BANGKOK, Sep 22 (Reuters) - Thailand has pushed back plans to reopen Bangkok and some other major cities to foreign arrivals until November, due to COVID-19 vaccination rates falling short of targets, a senior official said on Wednesday (Sep 22).

Earlier this month, officials said that they planned to welcome vaccinated tourists without quarantine to major cities like Bangkok, Hua Hin, Pattaya and Chiang Mai in October to revive the country’s crucial tourism sector.

"Cities we've targeted have not reached 70 per cent vaccination rates and so we have to push out the date to November," Tourism Authority of Thailand (TAT) governor Yuthasak Supasorn told Reuters.

Despite being a production hub for the AstraZeneca vaccine, Thailand's vaccine roll-out has struggled to keep pace, though Prime Minister Prayut Chan-o-cha pledged on Wednesday to speed up inoculations.
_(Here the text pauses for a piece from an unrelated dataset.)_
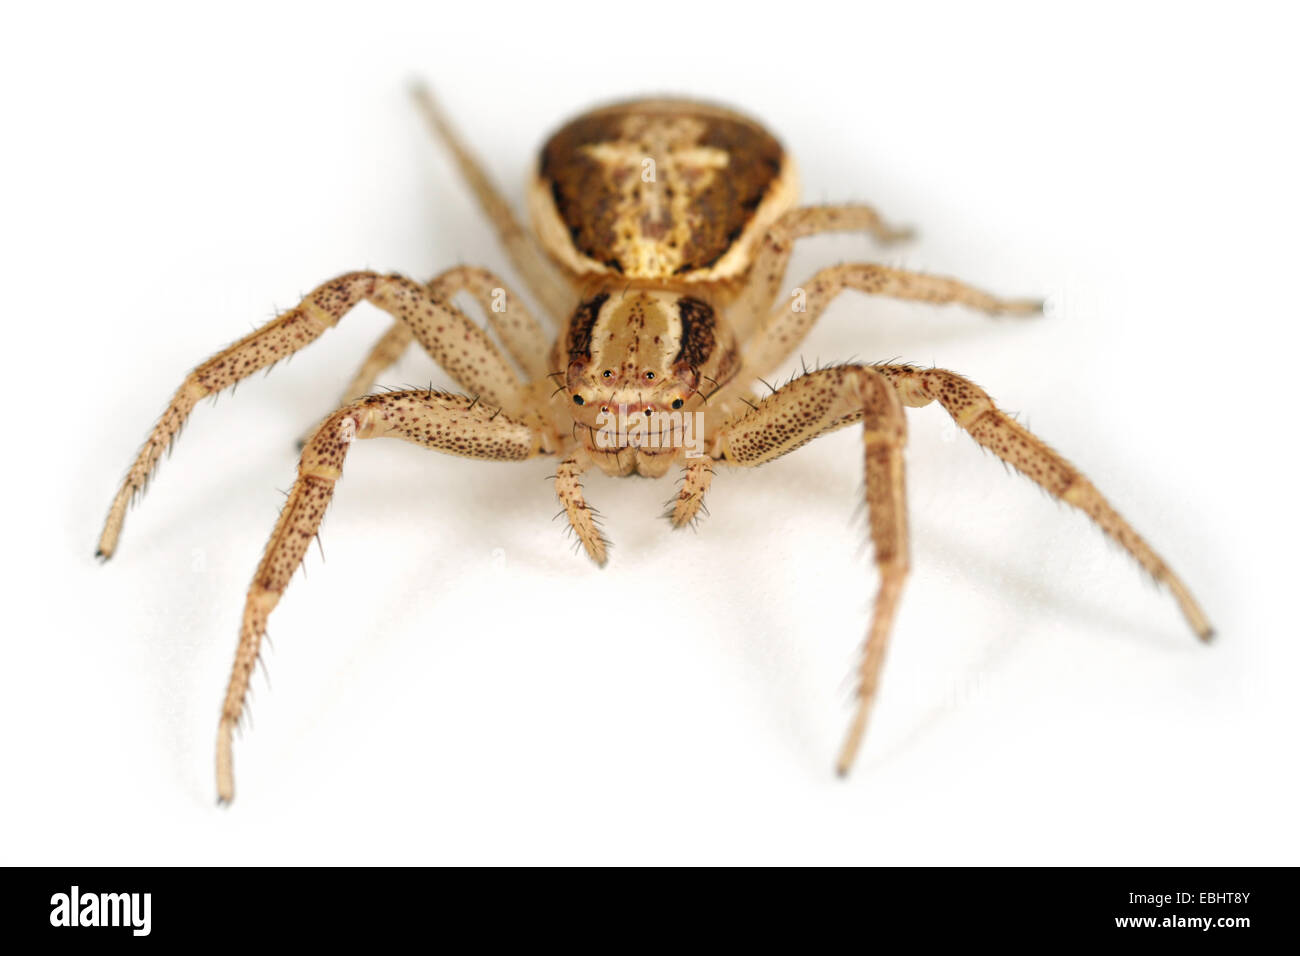 (Xysticus ulmi) Femelle Xysticus ulmi araignée sur fond blanc. Famille Thomisidae, araignées-crabes. Banque D'Images

So far, 44 per cent of residents in Bangkok have received two doses, government data shows. Overall, Thailand has vaccinated 22 per cent of the estimated 72 million people living in the country.

Up to now, the tourism scheme has only been launched on the islands of Koh Samui and Phuket.

Thailand welcomed 40 million arrivals in 2019 - who accounted for more than a fifth of the country's gross domestic product - but is targeting 1 million visitors this year.

At least 98 per cent of Thailand's more than 1.5 million COVID-19 infections and 15,753 deaths have been recorded since April this year due to an outbreak driven by the Delta variant.